All the while Dungy rates among the NFL’s worst television analysts, providing the least insight in the most monotone delivery. Only he could make the last minutes of Jacksonville’s wildcard comeback against Los Angeles about as thrilling as Ben Stein’s roll call in Ferris Bueller’s Day Off. (Not even the great Al Michaels, clearly beaten down from announcing too many Thursday night games, could inject any more life into the broadcast.)

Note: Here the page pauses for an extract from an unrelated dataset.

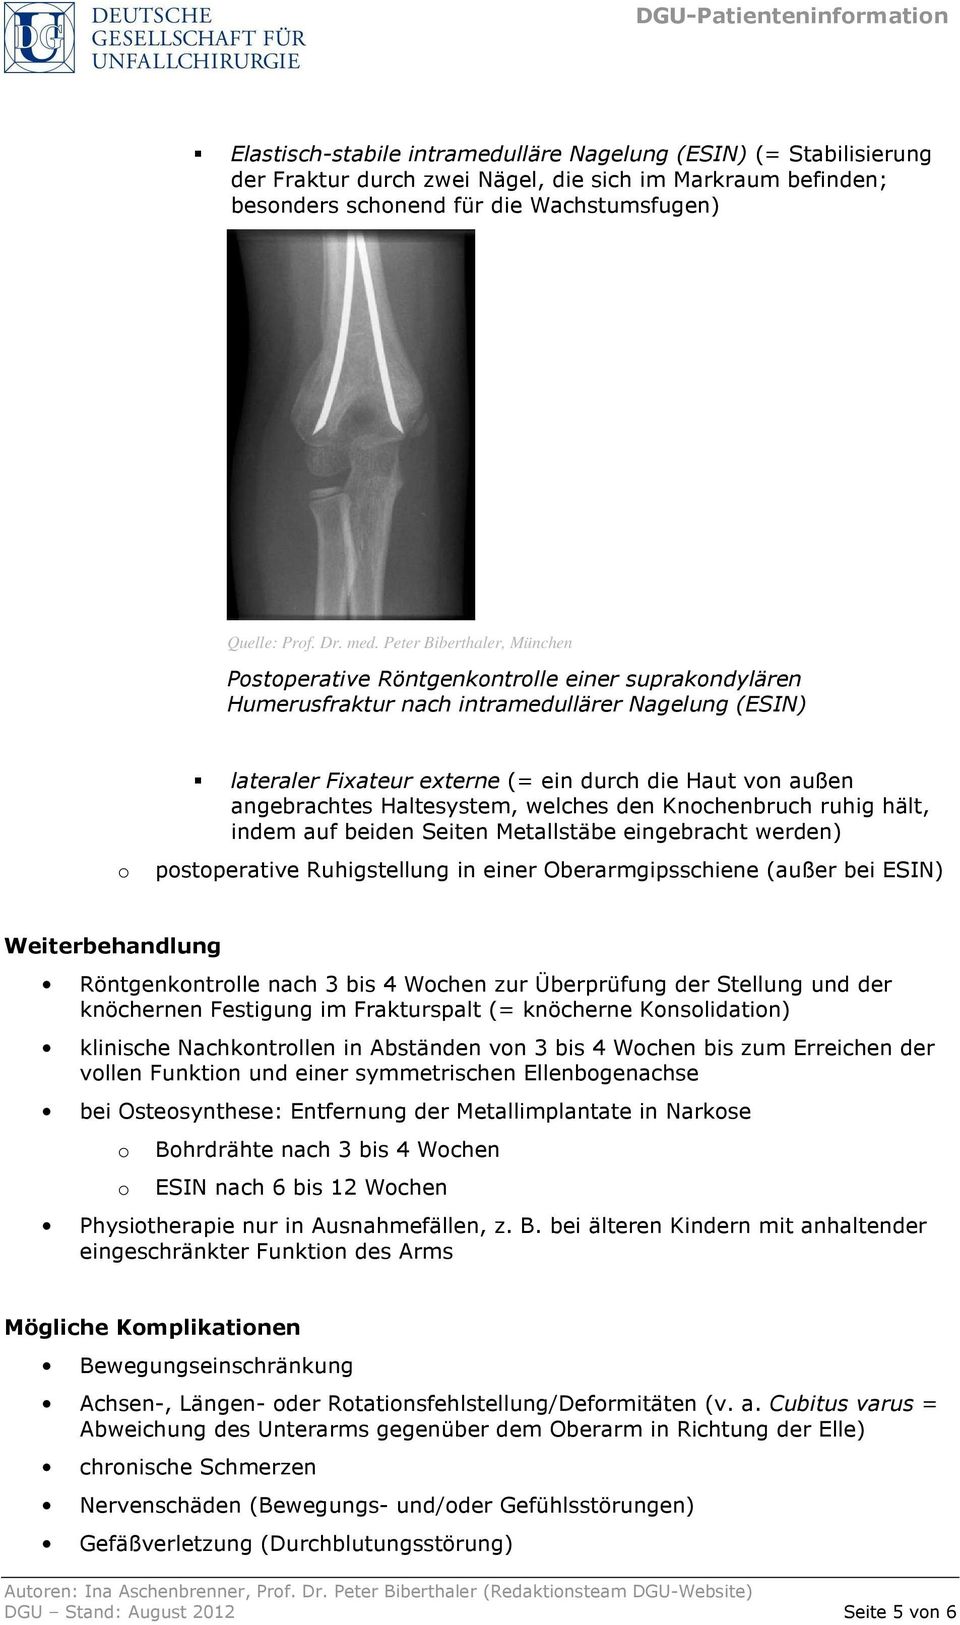 Peter Biberthaler, München Pstperative Röntgenkntrlle einer suprakndylären Humerusfraktur nach intramedullärer Nagelung (ESIN) lateraler Fixateur externe (= ein durch die Haut vn außen angebrachtes

The low energy alone would be reason enough for NBC to at least bench Dungy. But he remains a prominent part of the network’s NFL coverage and figures to remain so next season. Sticking by dodgy NFL analysts is a routine play for NBC. Lead announcer Mike Tirico has a graveyard of sexual allegations from his ESPN days, and so does fantasy man Matthew Berry; Michele Tafoya, NBC’s longtime NFL reporter, made a full heel turn to anti-woke punditry after retiring from the sideline. It’s hardly a shock that Dungy – a rich, platformed member of the jockocracy – would espouse conservative Christian ideology, or that he’d be tempted to draw sports analogies in his rhetoric. But as long as Dungy has the NFL for a bully pulpit, he’s no less polarizing a football man than Rush Limbaugh was during his brief ESPN stay. Dungy can speak his mind all he wants; you won’t read me telling him to stick to sports. But the NFL might want to think about finding a new human shield. This one’s lost his integrity.